Yes, admittedly, the daughter seems not to have much handle on her finances. But, since the OP is talking about having not taken this money from her daughter's savings herself, this must be an account the OP has access to, mustn't it? Unless the DD also has access to it (as a joint account?), then she presumably can't check her mum is telling the truth. And why on earth would she expect her mum to lie?

I don't think the problem here is the DD not acting like a grown adult. The problem is the mother is simultaneously treating her DD as a child (witholding details about money; managing the DD's savings for her), and expecting her DD to act like an adult. You can't have it both ways.

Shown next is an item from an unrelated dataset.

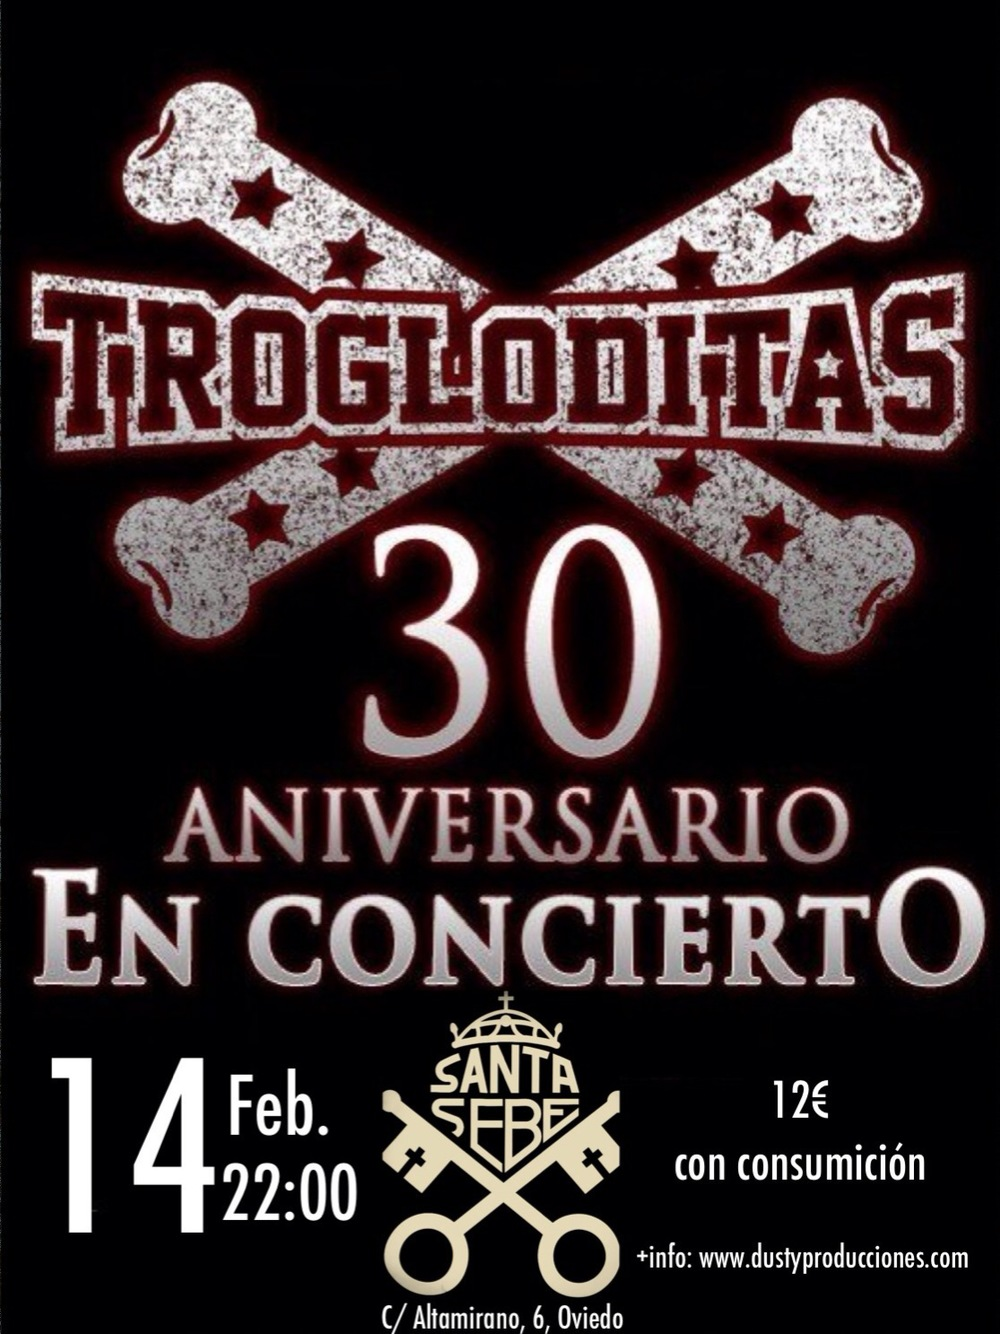 Los Trogloditas en concierto, el 14 de febrero de 2014, en Oviedo, Sala La Santa Sebe.

She can pay back dated rent and board then. Or if she doesn't like it she can move out.

The daughter is in zero position to be arguing over this. She sucks up whatever the OP decides precisely because she hasn't sorted her own shit out and is taking the piss.

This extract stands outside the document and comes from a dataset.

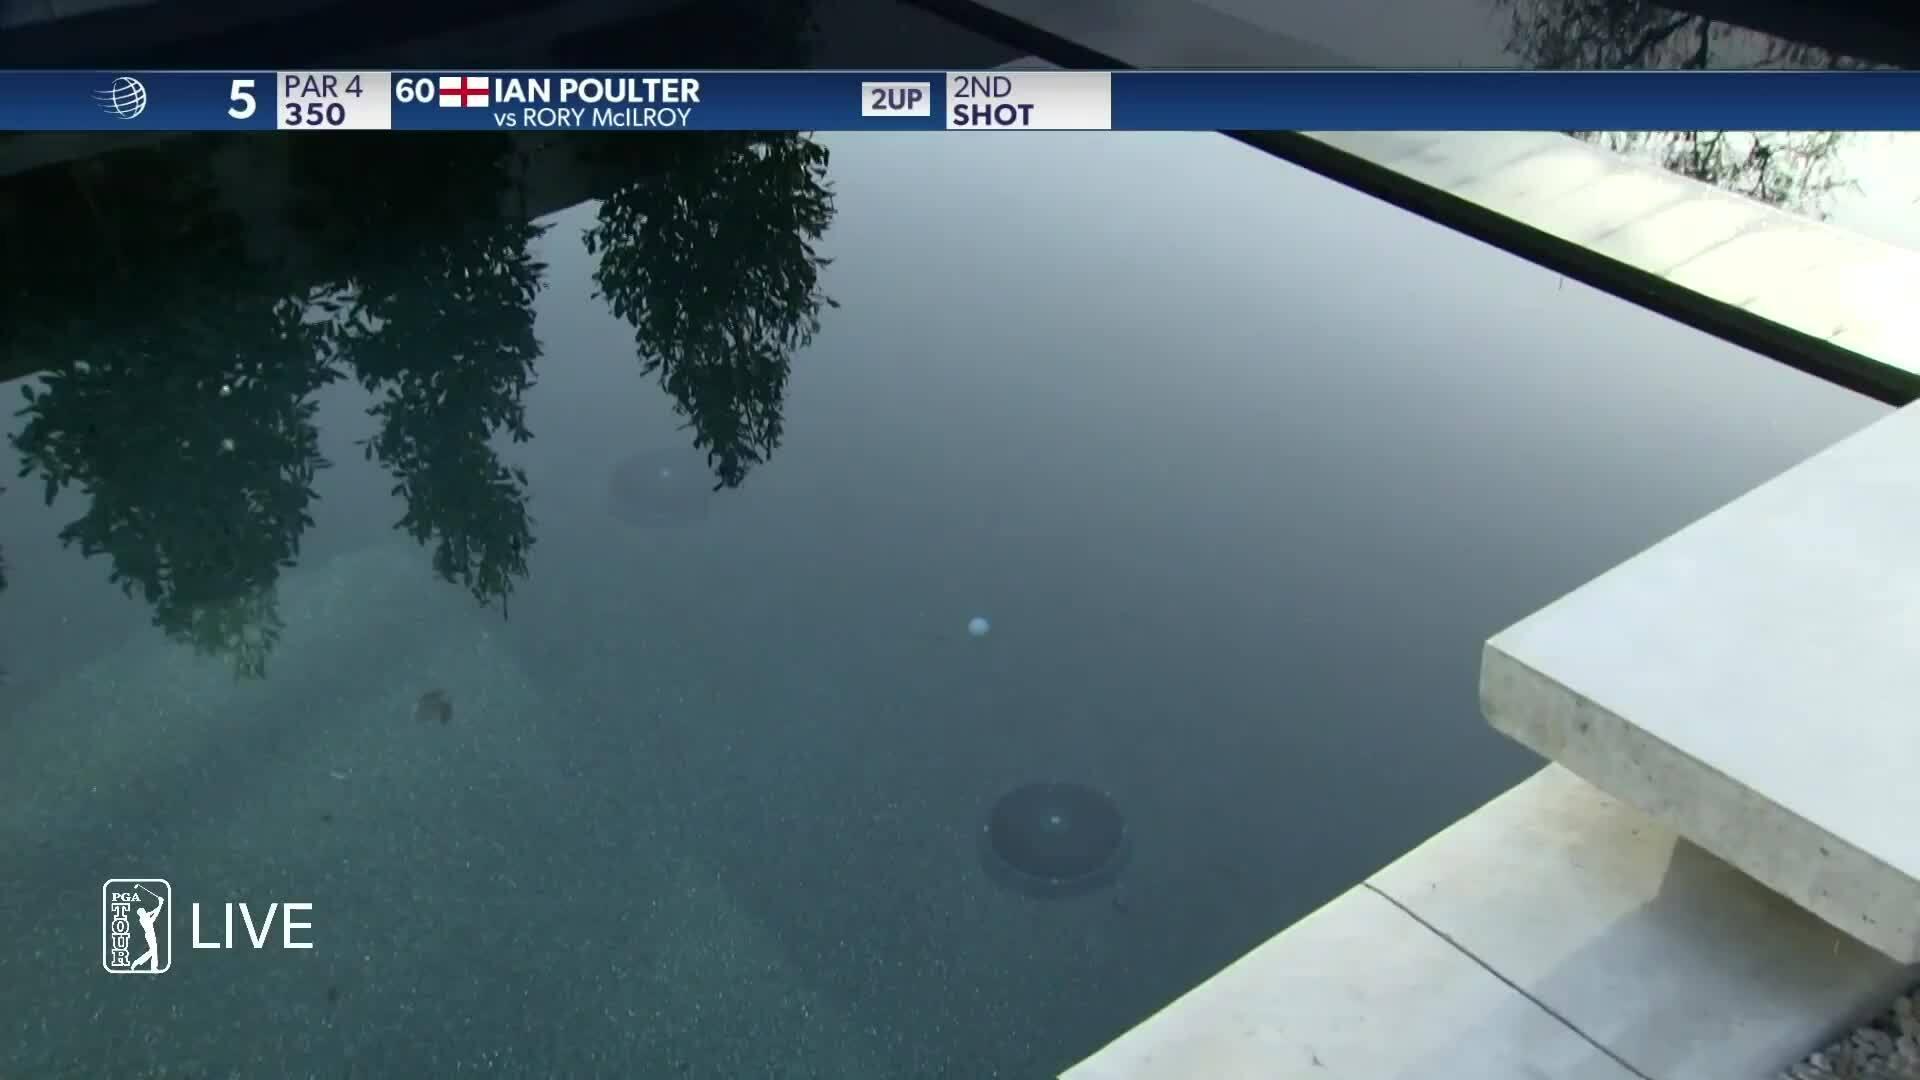 McIlroy đánh bóng xuống bể bơi

Arguing over it is tough fucking titty.

Hankunamatata · 13/11/2025 15:06

Wouldn't you need to give the family member you brought it off some money?

Bit cheeky to get it cheap from family then sell it in and pocket the difference

SarahAndQuack · 13/11/2025 15:11

RedToothBrush · 13/11/2025 15:03

She can pay back dated rent and board then. Or if she doesn't like it she can move out.

The daughter is in zero position to be arguing over this. She sucks up whatever the OP decides precisely because she hasn't sorted her own shit out and is taking the piss.

Arguing over it is tough fucking titty.

I absolutely agree she should be paying rent and board. I think it's really sensible for the mum to put some rules in place (in fact it's overdue).

I don't think it's fair to backdate those. Or to say 'arguing is tough titty'. That's bullying. You don't get to bully someone just because they are your adult child. If you want your adult child to learn to live like a normal adult, you have to step up too. The OP fucked up; she wasn't honest with her daughter. She obviously had unspoken, very kind, expectations about how this dishonesty was going to motivate her DD to work hard and pass her test and keep her job ... but that was naive. On the whole, not telling someone the whole story about money isn't a great way to get them to behave like a mature adult.

In the real world, you don't get to backdate rent and board because you've messed up or changed your mind. So nor should the OP.

She ought to sit down with her DD and talk through what is happening with the job situation. If she wants to say the DD ought to pay rent and board she could.

IMO there ought to be a separate conversation about the car.

RedToothBrush · 13/11/2025 15:14

Hankunamatata · 13/11/2025 15:06

Wouldn't you need to give the family member you brought it off some money?

Bit cheeky to get it cheap from family then sell it in and pocket the difference

Why? It was sold with the DD in mind and the OP is the registered keeper. It was sold in full knowledge that it was a good deal. Old keeper has no stake at this stage.

The DD isn't paying for the vehicles upkeep and it's not being used and she's showing no intention of using it - if she was, she'd get up off her arse and the at the very least do her theory. It's cost the op in insurance for fuck all use.

Therefore it needs to go because it's costing the OP money that the DD isn't taking responsibility for.